Task inputs:
[Start of section]

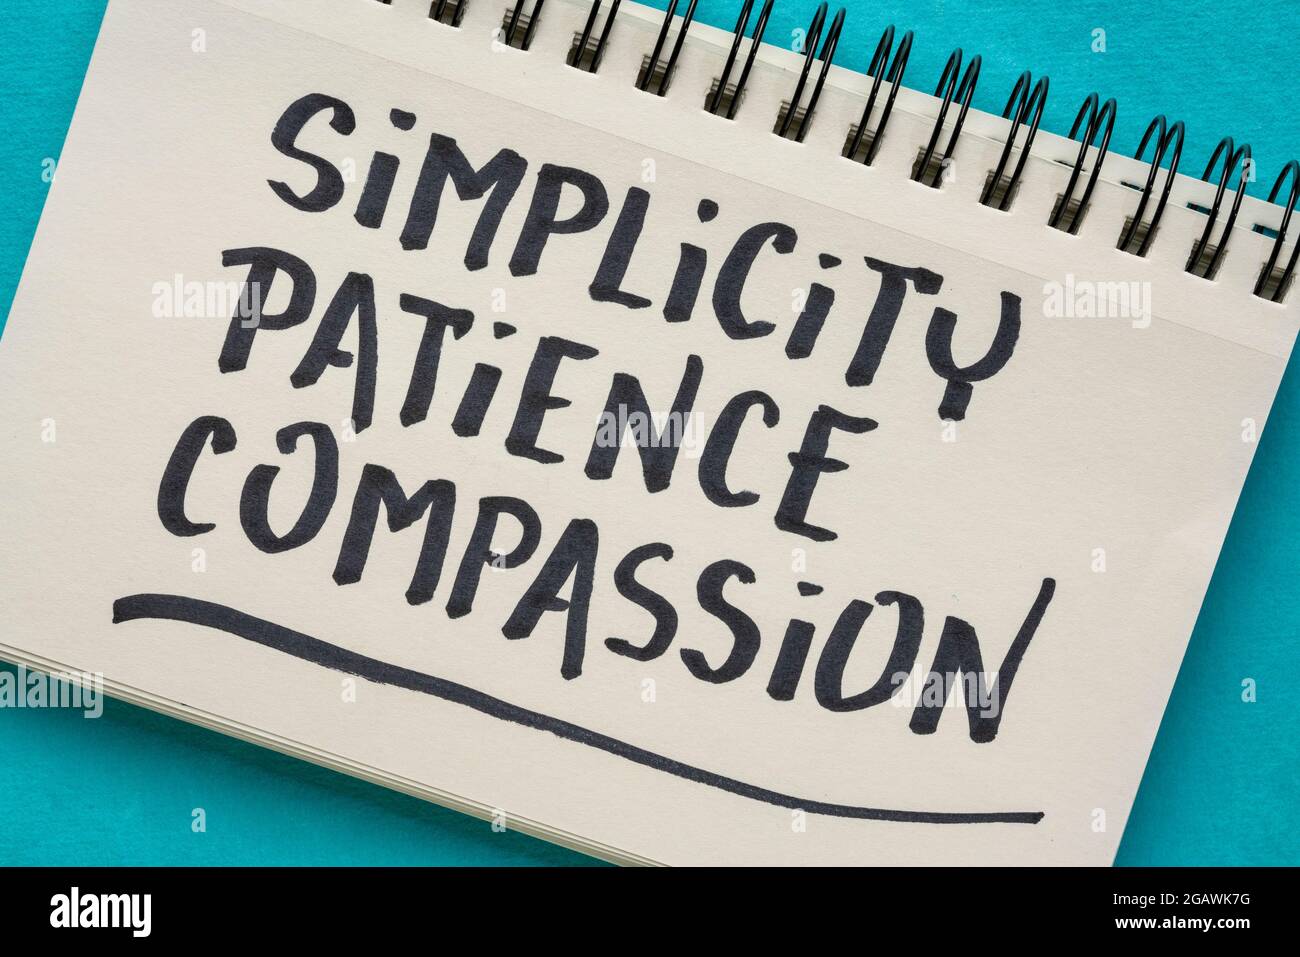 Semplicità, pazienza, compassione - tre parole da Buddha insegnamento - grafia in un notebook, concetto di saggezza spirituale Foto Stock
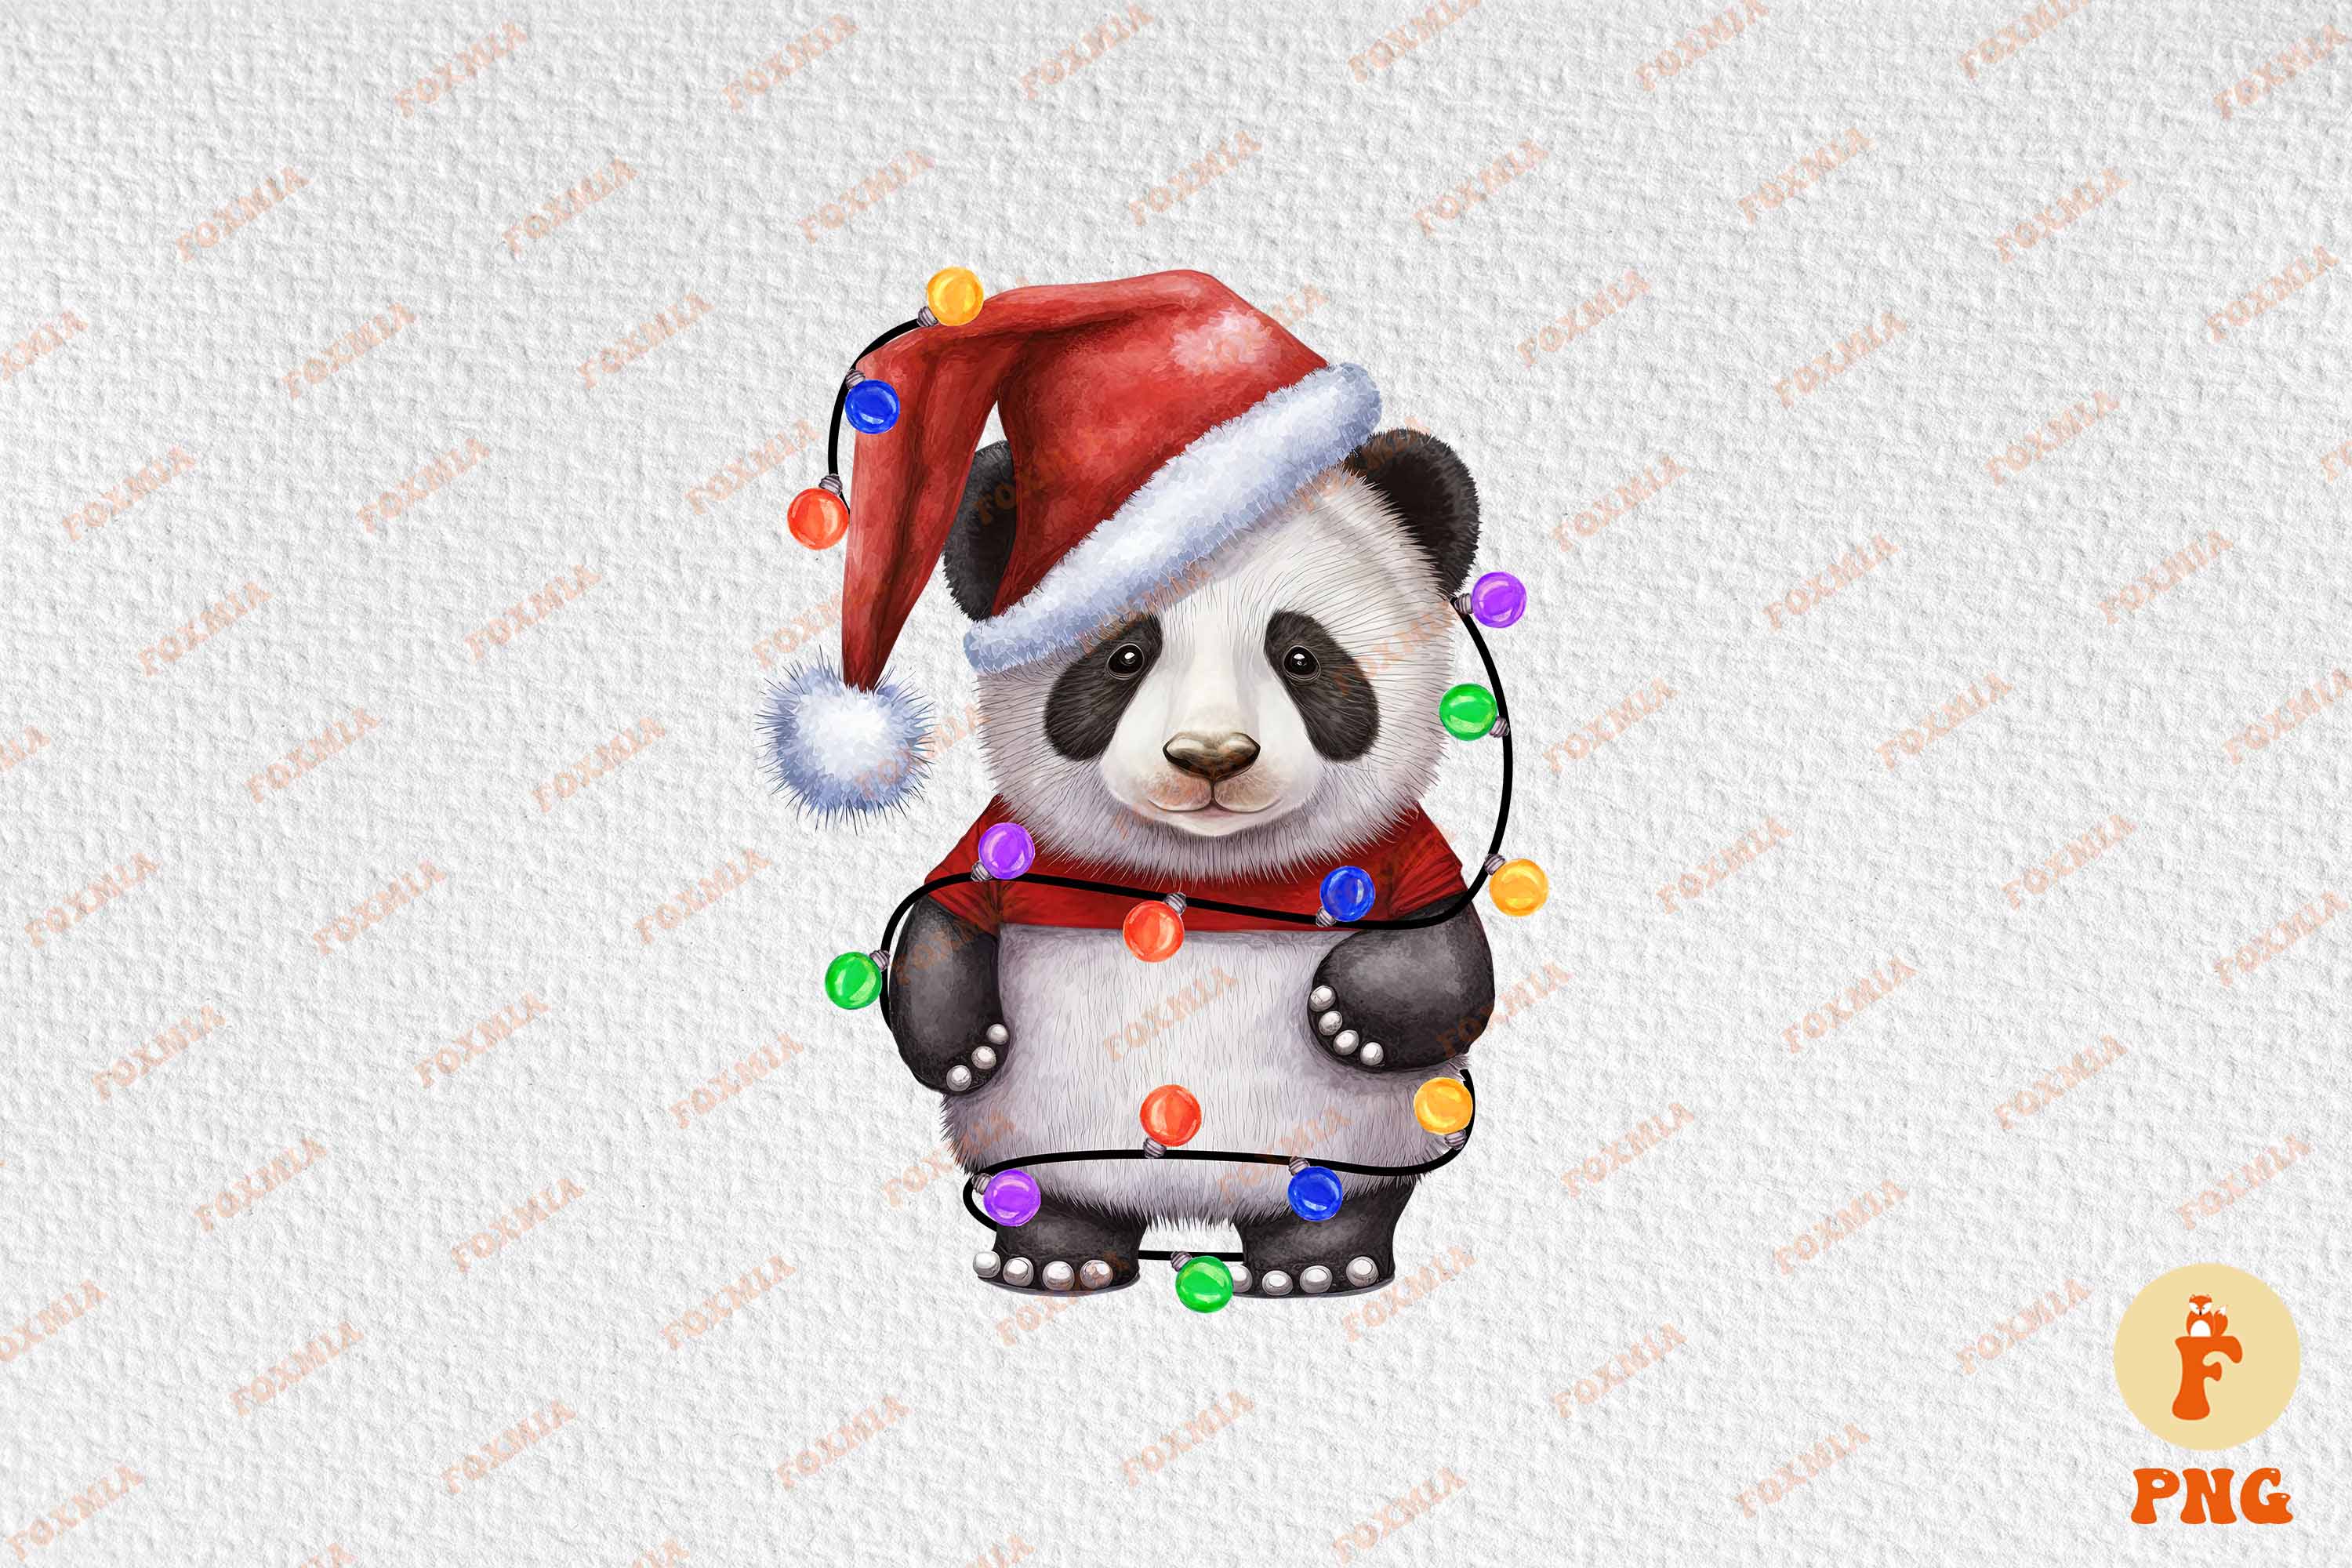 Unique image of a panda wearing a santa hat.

[End of section]
[Start of section]

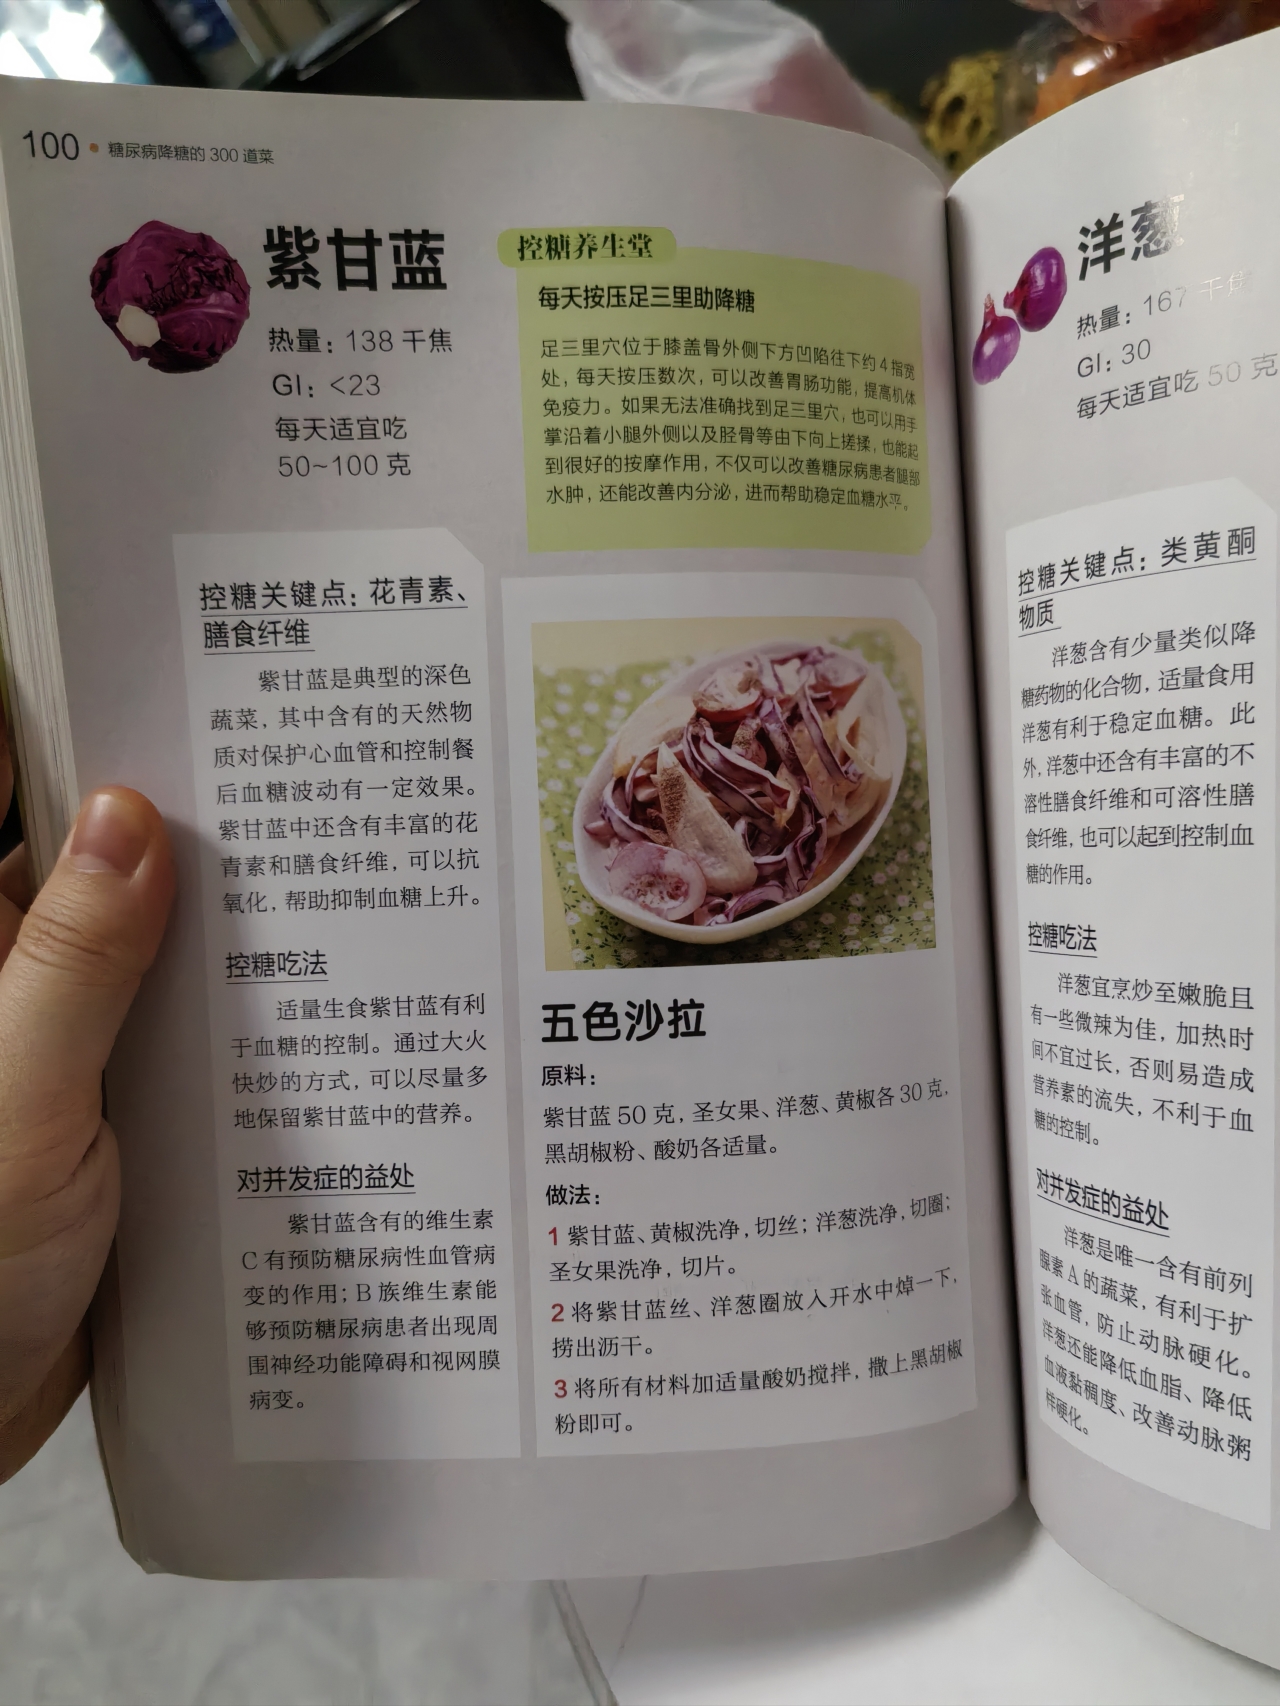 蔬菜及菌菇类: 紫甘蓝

[End of section]

Skipping the pictures, print the lines in the listing above exactly as written, starting at the line with "Semplicità, pazienza, compassione" and ending at the line with "Unique image of a panda wearing a santa hat.", both included.

Solution to this task:
 Semplicità, pazienza, compassione - tre parole da Buddha insegnamento - grafia in un notebook, concetto di saggezza spirituale Foto Stock
 Unique image of a panda wearing a santa hat.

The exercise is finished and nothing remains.